In broad terms, the film is about a family man, Harry, re-asserting his dominant role as head of the nuclear family. 

To re-establish this role, he must eliminate sleazy competitors for his wife's affection such as Simon, re-capture the affection of his estranged daughter following her indoctrination by pop cultural influences (named above as "Madonna and Axl Rose...") and finally, outwit a "nuclear" competitor who has kidnapped his child.  It's not an easy assignment, but Harry proves up to it...especially with the full weight and might of U.S. secret ops behind him. 

In clever fashion, Cameron approaches "nuclear family life" in True Lies as a concern as grave and serious as nuclear terrorism.  When the smooth, suave Harry returns home from a mission at Lake Chapeau, Switzerland, for instance, Cameron opens the scene with a high-angle view of Tasker and Gib huddled in the car. 

The camera peers down through the open sun roof of Gib's ride, and the film grammar interpretation of this shot selection suggests Harry's doom and entrapment.  He looks small, and in jeopardy as he prepares to return home, to "normal life."  We get both a high angle shot and a box or frame (the sun roof window) surrounding the character.  It's a double-doozy, so-to-speak. 

Later in the film, the Tasker family house is shot from a menacing low angle during a heavy thunderstorm, no less  It looks like an imposing haunted house in a horror movie.  The choice of shot informs the audience that there's trouble brewing here, both in terms of the wife and the daughter.  It's trouble that Harry will need to correct.  And boy will he correct it!

Finally, I don't know if I've ever seen a better metaphor for the delicate dance between career and family than the nail-biting finale of this film, which finds Harry flying a Harrier over downtown Miami.  His daughter clings precariously to the nose cone of the plane, crying for help.  Meanwhile, on the tail fin of the plane, Aziz is on the attack, armed with a machine gun. 

With absolute precision Harry must "balance" both situations, or risk total disaster.   If he tips one way, his family is destroyed.  If he tips the other way, Aziz gets the jump on him.  This scene is beautifully vetted both for what it represents (the delicate dance of maintaining home life and career), and in the physical, cliffhanging details.  It's also a great, pulse-pounding finale to the film.


By re-engaging with both Helen and Dana, Harry does rescue his family both metaphorically and literally, and that's the movies thematic through-line, a comparison between domestic dangers and foreign ones.   

The family that fights terrorists together, stays together, or something like that.
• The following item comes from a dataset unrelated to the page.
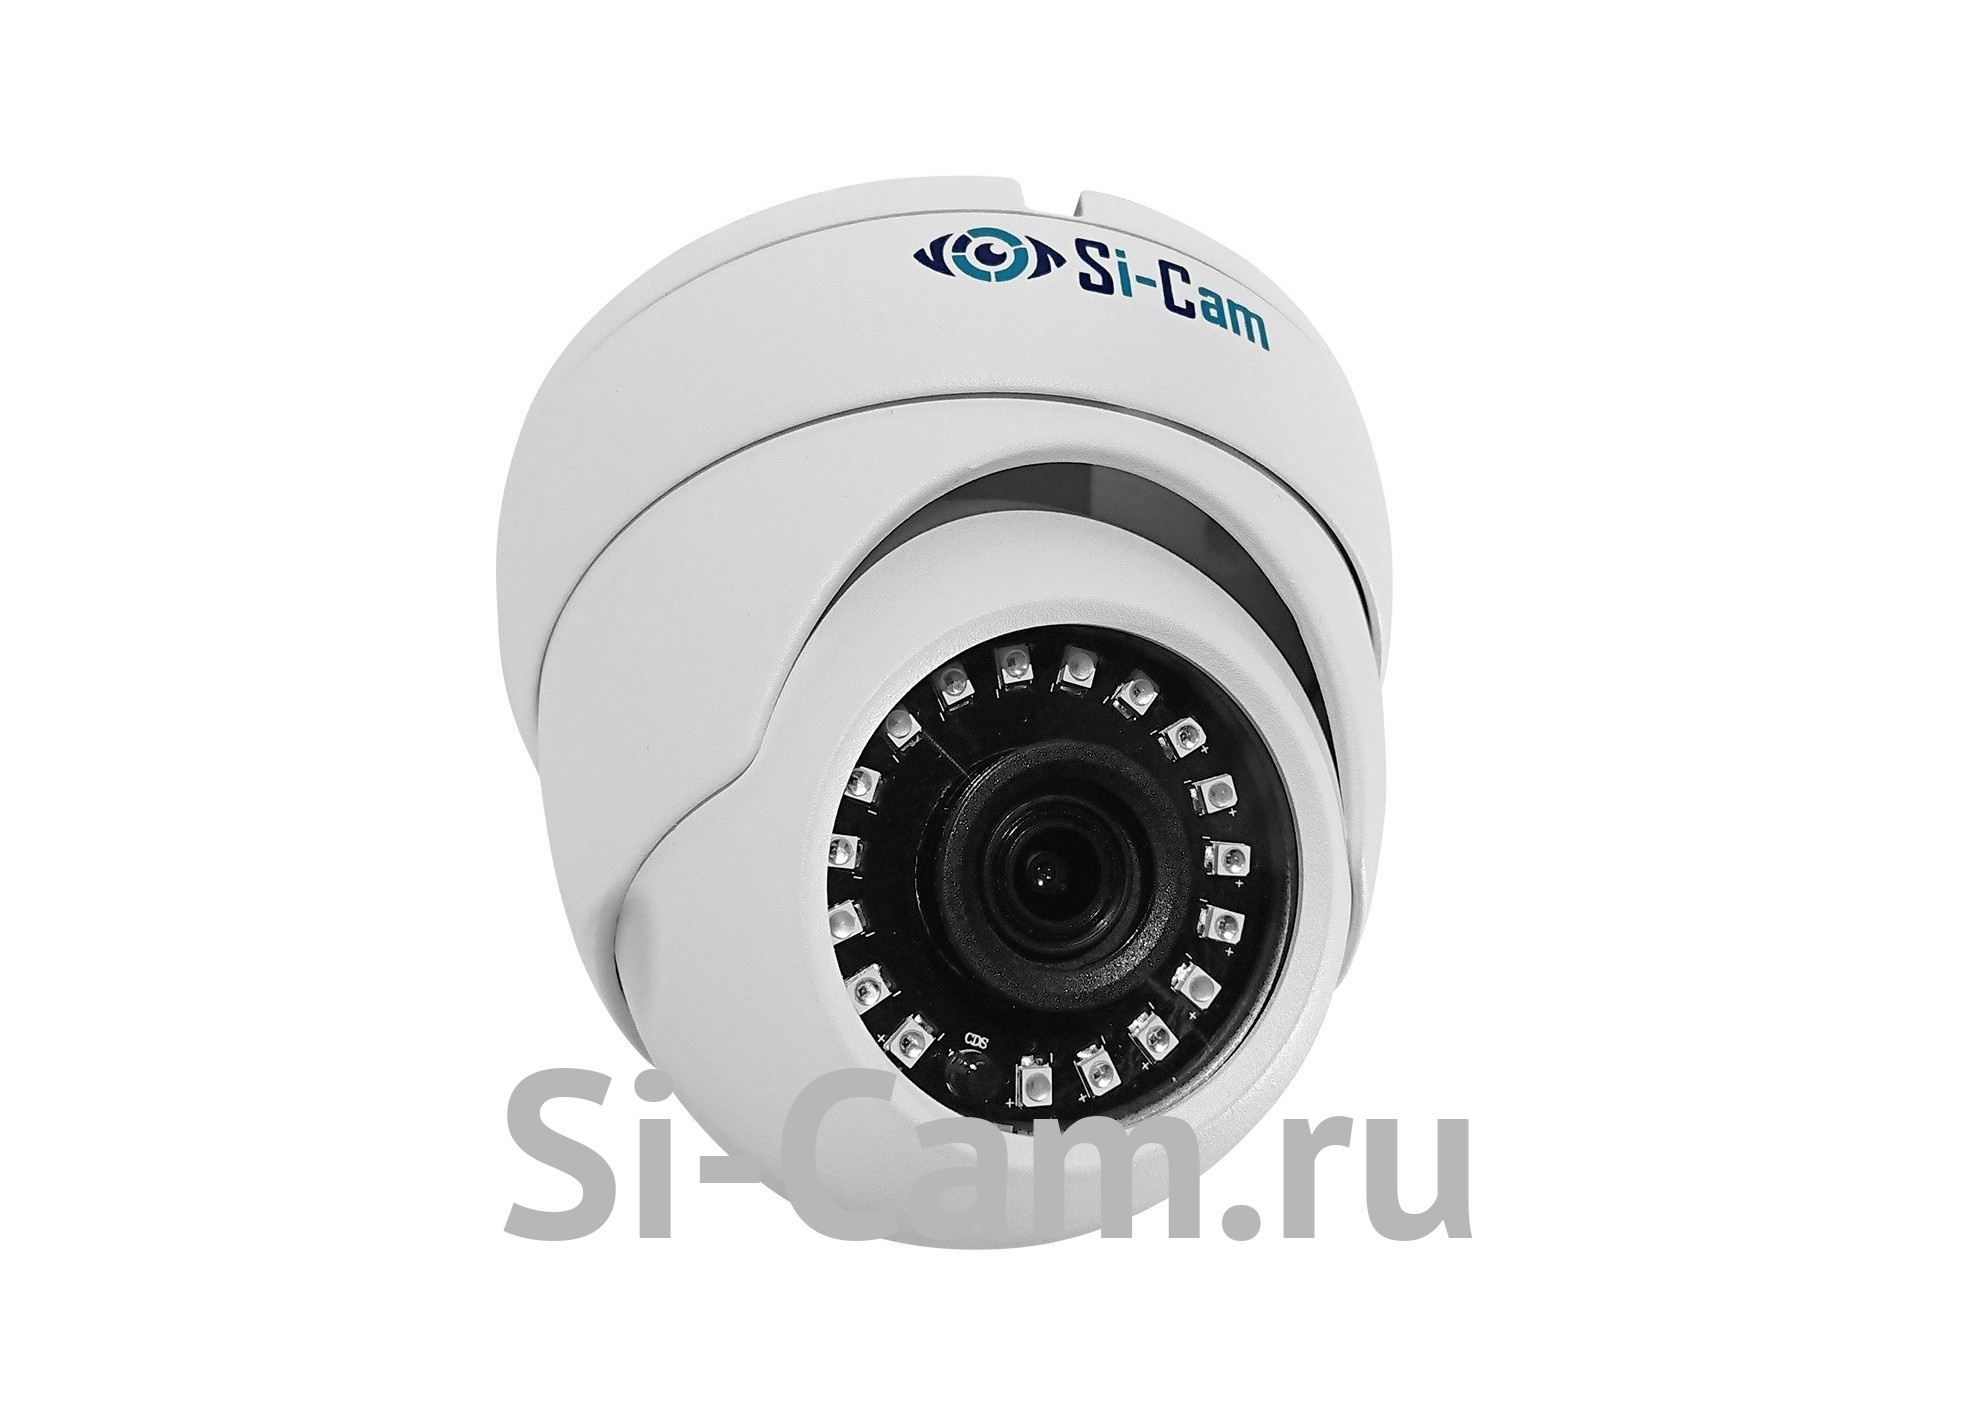 Si-Cam SC-DS202F IR Купольная уличная антивандальная IP видеокамера, 60fps

Where this approach becomes a little dicey, I would submit, is in some of the specifics of Harry's methodology.  He approaches his family problems with the same take-no-prisoners attitude as he confronts foreign terrorists.  On one hand, this approach can be funny.  On the other hand, Harry's actions are wildly inappropriate and actually illegal, and Harry is never called on the carpet or made to account for his behavior.  Instead, he's rewarded for bending the rules to suit his personal cause.
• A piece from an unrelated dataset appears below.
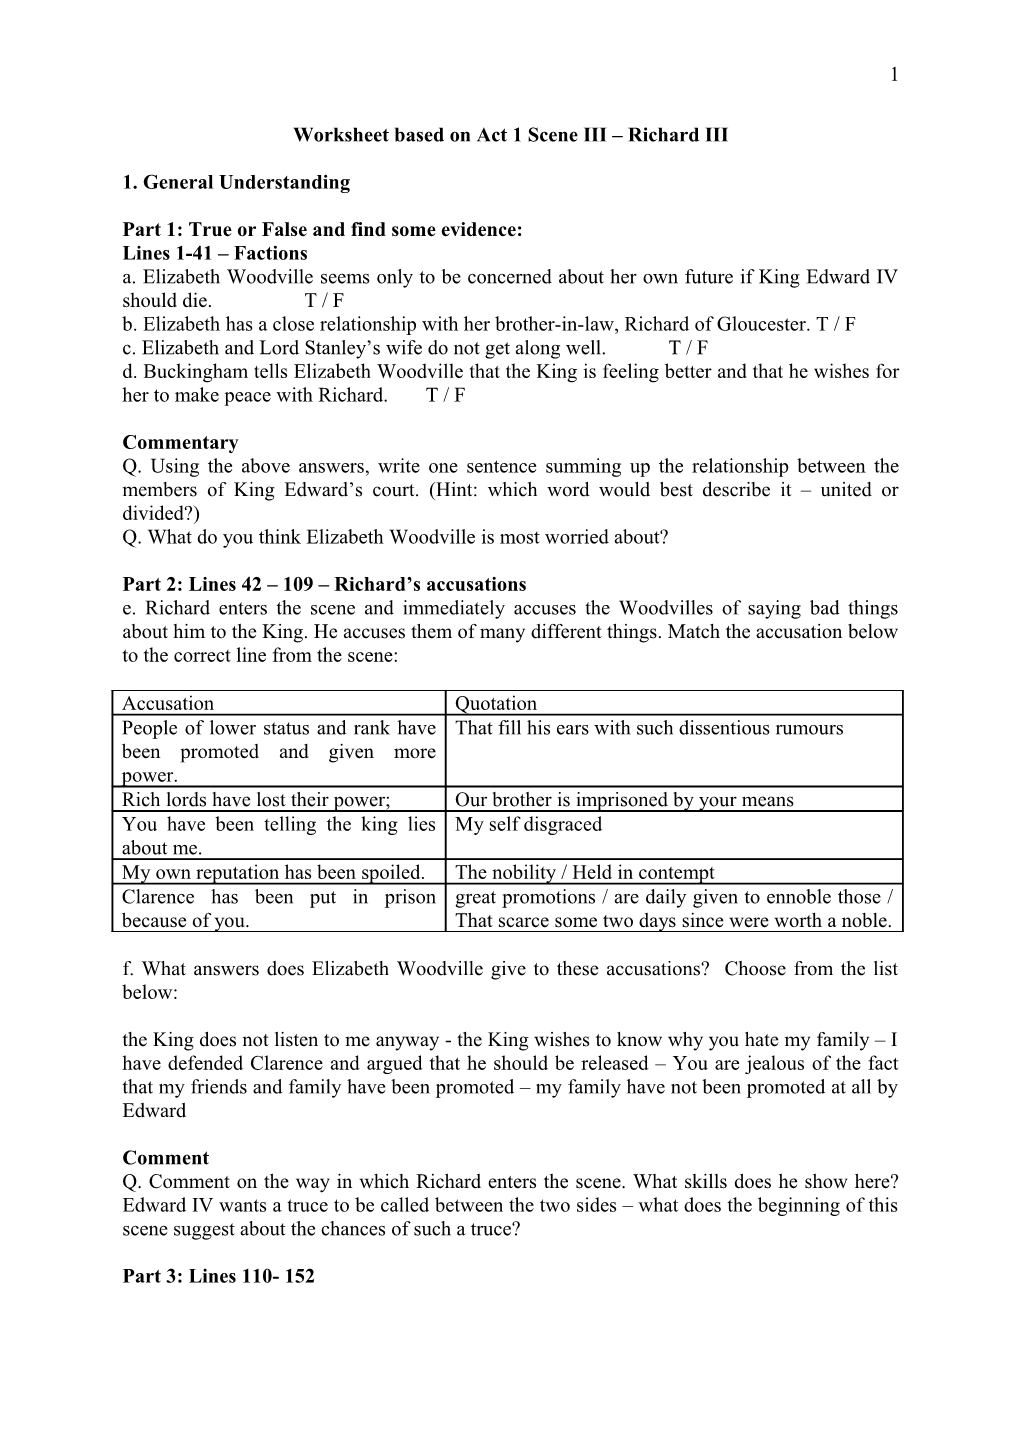 Worksheet Based on Act 1 Scene III Richard III

For instance, without a second thought, Harry engages national security apparatus to trail, apprehend, hold and interrogate Helen and Simon.   Forecasting Bush Administration policies, he uses wiretaps -- without warrants -- to do so.

Then -- also forecasting some of the darker imagery of the 2000s, namely in association with Abu Ghraib -- Harry dangerously bullies Simon, his competitor for Helen's affections, throwing him under a black, eyeless hood and threatening to drop him from a precipice overlooking a dam.

But hey, what's a little abuse of power between friends and family?  

Actually, this line of "humor" regarding Harry's manipulation of U.S. government funds and resources doesn't get under my skin nearly so much as some of the other material that's associated with it.  And that's because -- essentially -- it works with the film's central joke: family life vs. secret agent life.  A bit of exaggeration is certainly acceptable here in the name of humor.  And again, the idea is to throw political incorrectness to the wind.  Nothing wrong with that.


What instead feels a little disturbing about True Lies is the mean-spirited or at least questionable nature of several key moments and sequences. 

For example, Gib (Arnold) continually refers to women characters in the film as bitches.   Feeling magnanimous,  I would give the movie the use of that term three or four times.  But the word "bitch" just keeps coming up, and one starts to realize after the umpteenth repetition that it's not just for humor...it's some kind of creepy pathology.  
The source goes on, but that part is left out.